A tension pneumothorax develops when air enters the pleural space through a one-way valve mechanism and cannot escape, causing progressive mediastinal shift that compresses the great vessels and obstructs venous return to the heart.14

This condition arises in trauma patients, as a complication of mechanical ventilation, or iatrogenically after procedures such as central line placement or thoracentesis. During CPR, it should be actively excluded because it is immediately treatable.2

Diagnosis in an arrested patient is clinical: absent breath sounds on one side, tracheal deviation, distended neck veins, and subcutaneous emphysema.15 Imaging is not required before intervention.

Management. Perform immediate needle decompression (typically at the second intercostal space, midclavicular line, or fourth/fifth intercostal space, anterior axillary line) followed by chest tube thoracostomy. In cardiac arrest, some guidelines recommend proceeding directly to finger thoracostomy.

Tamponade (cardiac) rare

Cardiac tamponade occurs when fluid (blood, effusion, or pus) accumulates in the pericardial sac under pressure, compressing the heart chambers and impairing filling.2 Traumatic tamponade typically follows penetrating chest injuries, while non-traumatic causes include pericarditis, malignancy, and uremia.

Diagnosis. The classic Beck triad (hypotension, muffled heart sounds, distended neck veins) may be difficult to appreciate during active CPR. Bedside POCUS can rapidly identify pericardial fluid.

Management.

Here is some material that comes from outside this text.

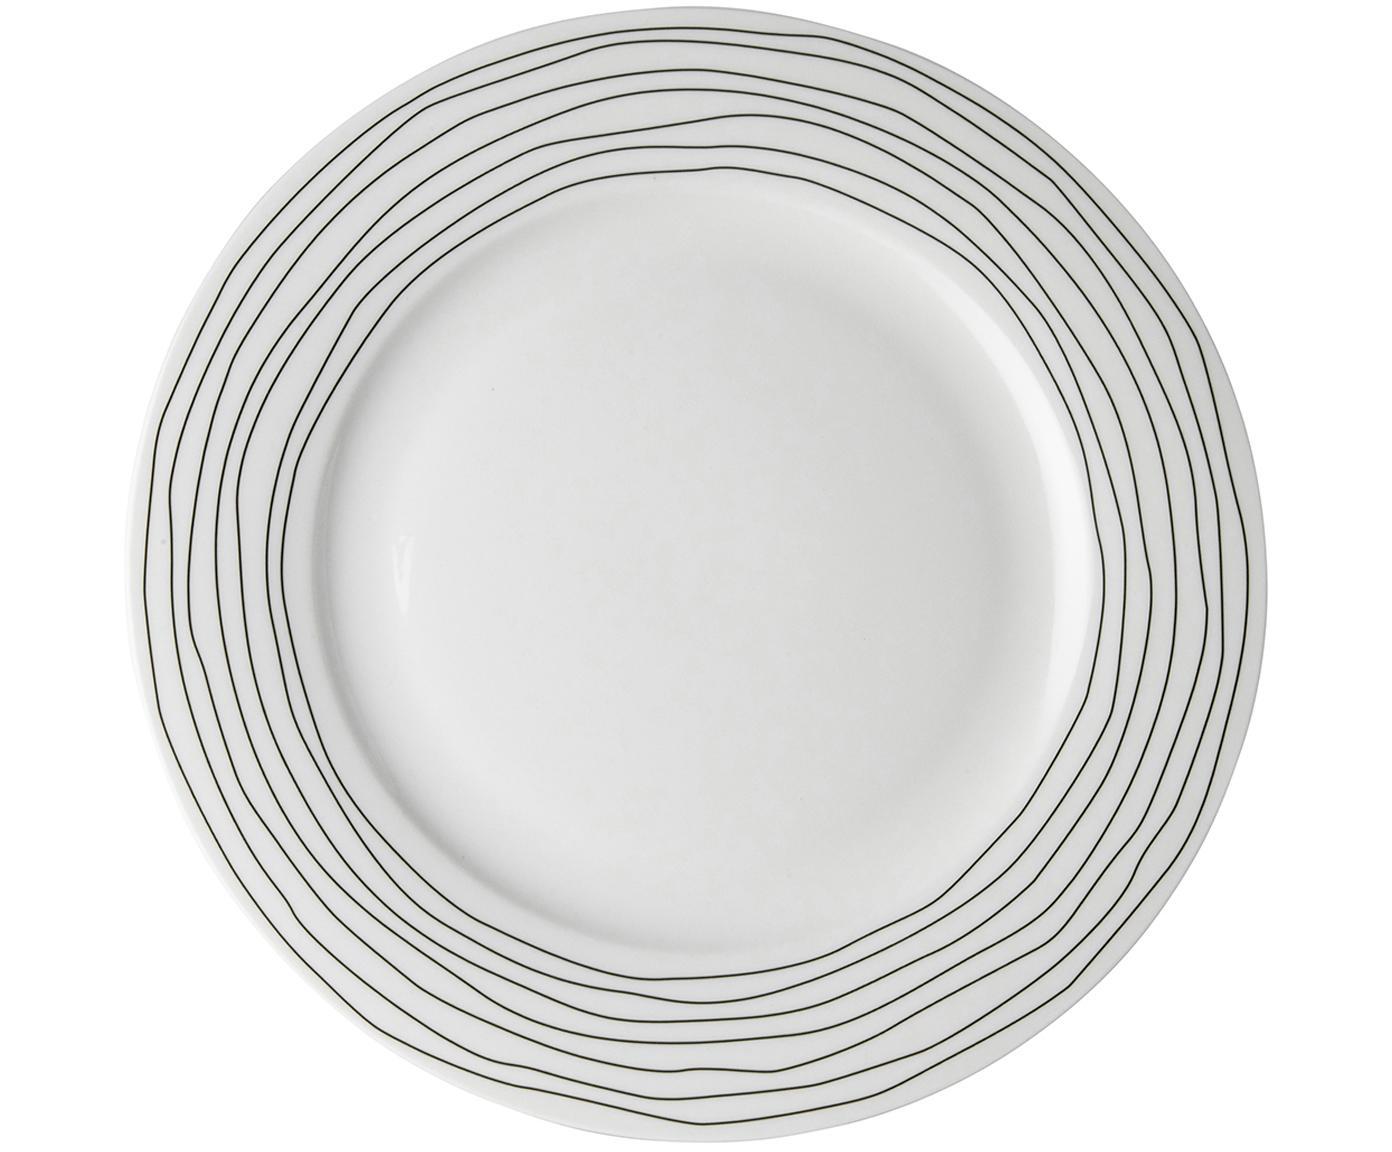 Dinerborden Eris Loft, 4 stuks, Porselein, Wit, zwart, Ø 26 x H 2 cm
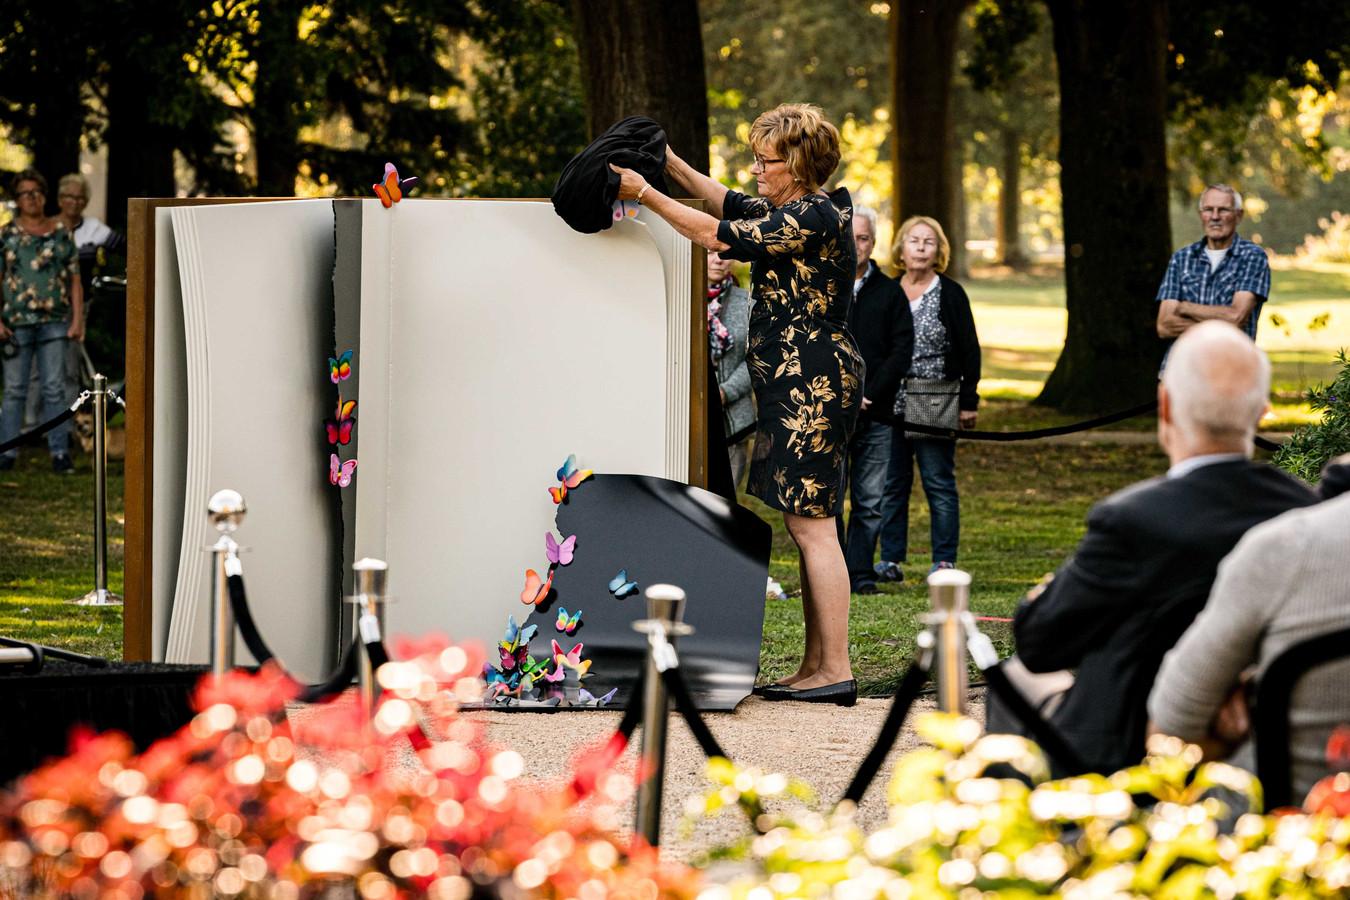 Burgemeester Wobine Buijs-Glaudemans van Oss onthult het herdenkingsmonument voor de kinderen.

Pericardiocentesis—ideally with ultrasound guidance—is the primary intervention for non-traumatic tamponade. For traumatic tamponade, emergency thoracotomy may be necessary.

Toxins common

Poisoning and drug overdose cause cardiac arrest through multiple mechanisms: respiratory depression and airway loss, direct myocardial toxicity, and vasodilation leading to distributive shock.16 Identifying the specific agent is important because targeted antidotes exist for several drug classes.

General principles. Secure the airway early, as loss of consciousness from sedative overdose is a leading cause of aspiration death. Drug-induced hypotension usually responds to IV crystalloid, though vasopressors such as norepinephrine may be needed.

Opioids

Opioid overdose suppresses respiratory drive, leading to apnea and hypoxic arrest. Naloxone reverses the effects and can be given through IV, intramuscular, subcutaneous, intraosseous, or intranasal routes.17 Initial dosing is 0.4–2 mg IV (or 2 mg intranasal). Repeat doses may be needed every 2–3 minutes because naloxone’s duration of action is shorter than that of most opioids.2

Benzodiazepines

Benzodiazepine overdose produces sedation, respiratory depression, and hypotension. Flumazenil, a competitive antagonist, can reverse these effects but is contraindicated in patients with a history of seizures or chronic benzodiazepine use because it may provoke refractory seizures.2

Tricyclic antidepressants

Tricyclic toxicity causes sodium channel blockade, leading to QRS prolongation and wide-complex ventricular tachycardia, along with anticholinergic effects.2 Sodium bicarbonate (1–2 mmol/kg IV bolus) is the primary treatment for tricyclic-induced cardiac toxicity, as it both overcomes sodium channel blockade and corrects acidosis.18

Local anesthetics

LAST occurs from inadvertent intravascular injection or excessive absorption during regional anesthesia. Manifestations include seizures, cardiovascular collapse, and cardiac arrest.19 IV lipid emulsion (20% intralipid) is the specific rescue therapy and should be administered alongside standard ACLS measures.

Beta-blockers

Beta-blocker overdose produces profound bradycardia and negative inotropy. Treatment options include high-dose glucagon (50–150 mcg/kg), high-dose insulin-euglycemia therapy, IV calcium, and lipid emulsion.20 Refractory cases may require mechanical circulatory support.

Calcium channel blockers

Calcium channel blocker poisoning is one of the most lethal categories of prescription drug overdose.21 Sustained-release formulations can cause delayed-onset cardiovascular collapse hours after ingestion. Treatment includes IV calcium (calcium chloride 10% in 20 mL boluses, repeated every 2–5 minutes as needed), high-dose insulin-euglycemia therapy, and vasopressors.22

Thrombosis (pulmonary) common

Massive pulmonary embolism is one of the most common non-cardiac causes of sudden arrest, usually originating from deep vein thrombosis (DVT).23 Patients may present with sudden dyspnea, pleuritic chest pain, hemoptysis, or syncope immediately before arrest, though the embolism can also be the first manifestation of thrombotic disease.24

Management. When pulmonary embolism is the suspected cause of cardiac arrest, systemic fibrinolysis is recommended. If fibrinolytics are administered during CPR, resuscitation should continue for at least 60–90 minutes before considering termination.2 Surgical embolectomy and catheter-directed thrombectomy are alternatives when available.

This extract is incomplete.